Эрика я видел один раз в жизни, когда он приехал в Нью-Йорк, чтобы навестить свою маму, и зашел к нам. Мне было три или четыре года, я болел коклюшем, жутко кашлял, и во время одного приступа меня вырвало – прямо на стоявшего у моей кроватки Эрика. За что получил от него пощечину Этим и ограничились мои с ним отношения. Я знаю, что он много работал в экваториальной Африке; полагаю, представлял там интересы какой-нибудь французской компании, был колонизатором, имел множество связей с местными женщинами, в результате чего родилось большое число детей – видимо, где-то там, в одной из бывших колоний, у меня есть немало чернокожих родственников.
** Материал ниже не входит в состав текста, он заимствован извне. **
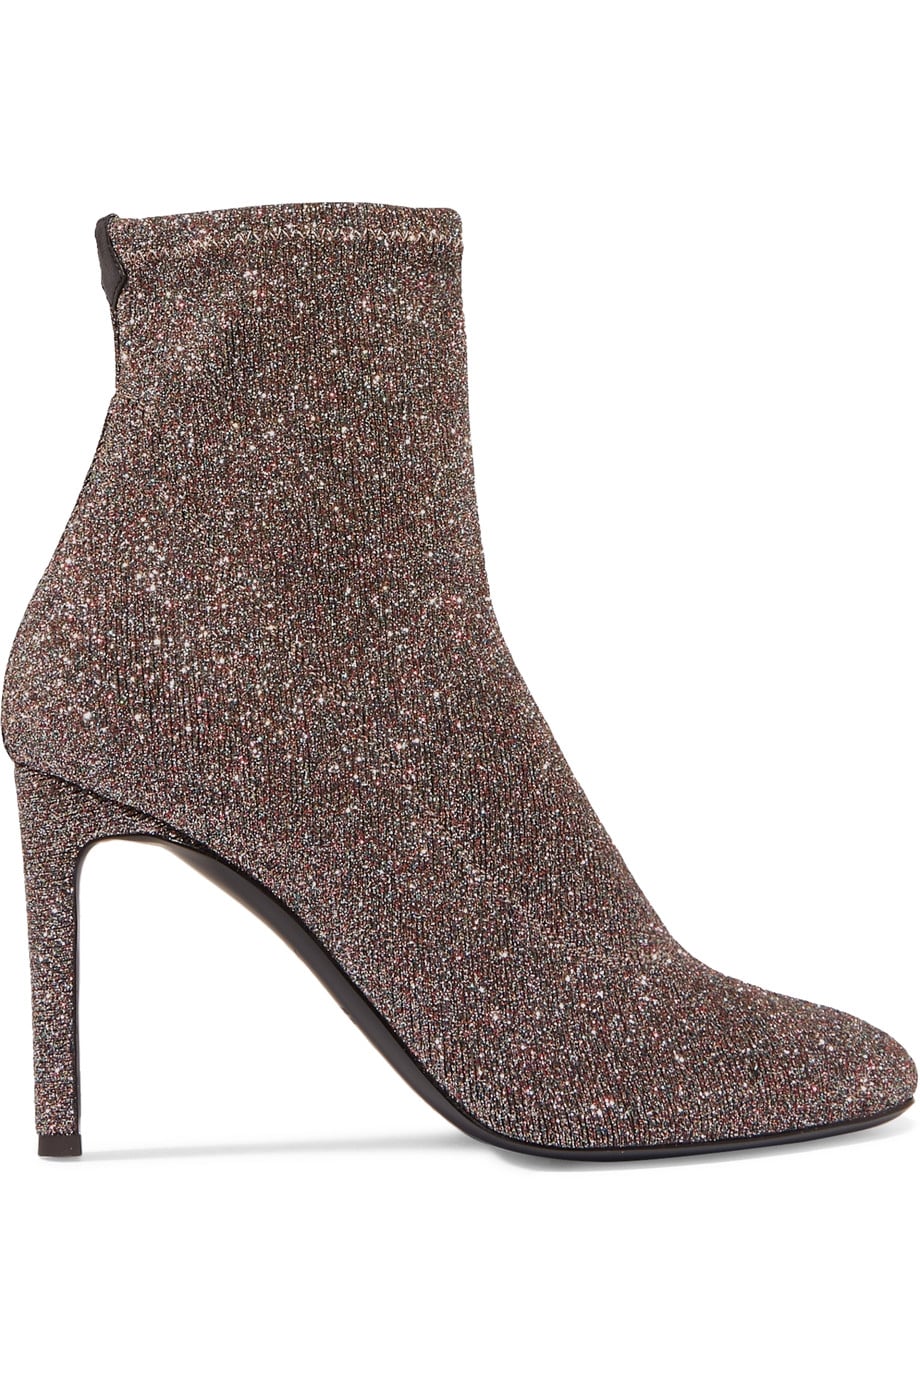 Konsekvent sokker bjerg Giuseppe Zanotti Glittered Sock Boots | 15 Instagram-Worthy Glitter Boots  That Everyone Will Envy This Fall | POPSUGAR Fashion Photo 7

Понятия не имею, чем занимался он во время войны, уже после нее он женился и стал отцом двух вполне законорожденных девочек. Когда Эрик умер, я получил письмо от его вдовы: речь шла о разделе его имущества, к которому, по ее мнению, я должен был иметь отношение в соответствии с принятым во Франции «правом крови». Я от этого права отказался.
Мой дядя Эрик в колониальной Африке. 1932(?) г.
Он же, 1941 г.
Клер я помню очень смутно, знаю определенно, что любил ее, а за что – ума не приложу. Может быть, за небывалую красоту. Клер жгла свечу жизни с обоих концов сразу – мужчины, алкоголь, кокаин – и умерла, когда ей еще не было сорока лет.
Кристиан не пользовалась у меня никаким авторитетом. Она жила в нашем доме в Нью-Йорке со своей дочерью Андрэ (отец которой сбежал еще до ее рождения), где-то работала секретаршей, вечно боялась чего-то и дрожала над Андрэ, умело этим пользовавшейся.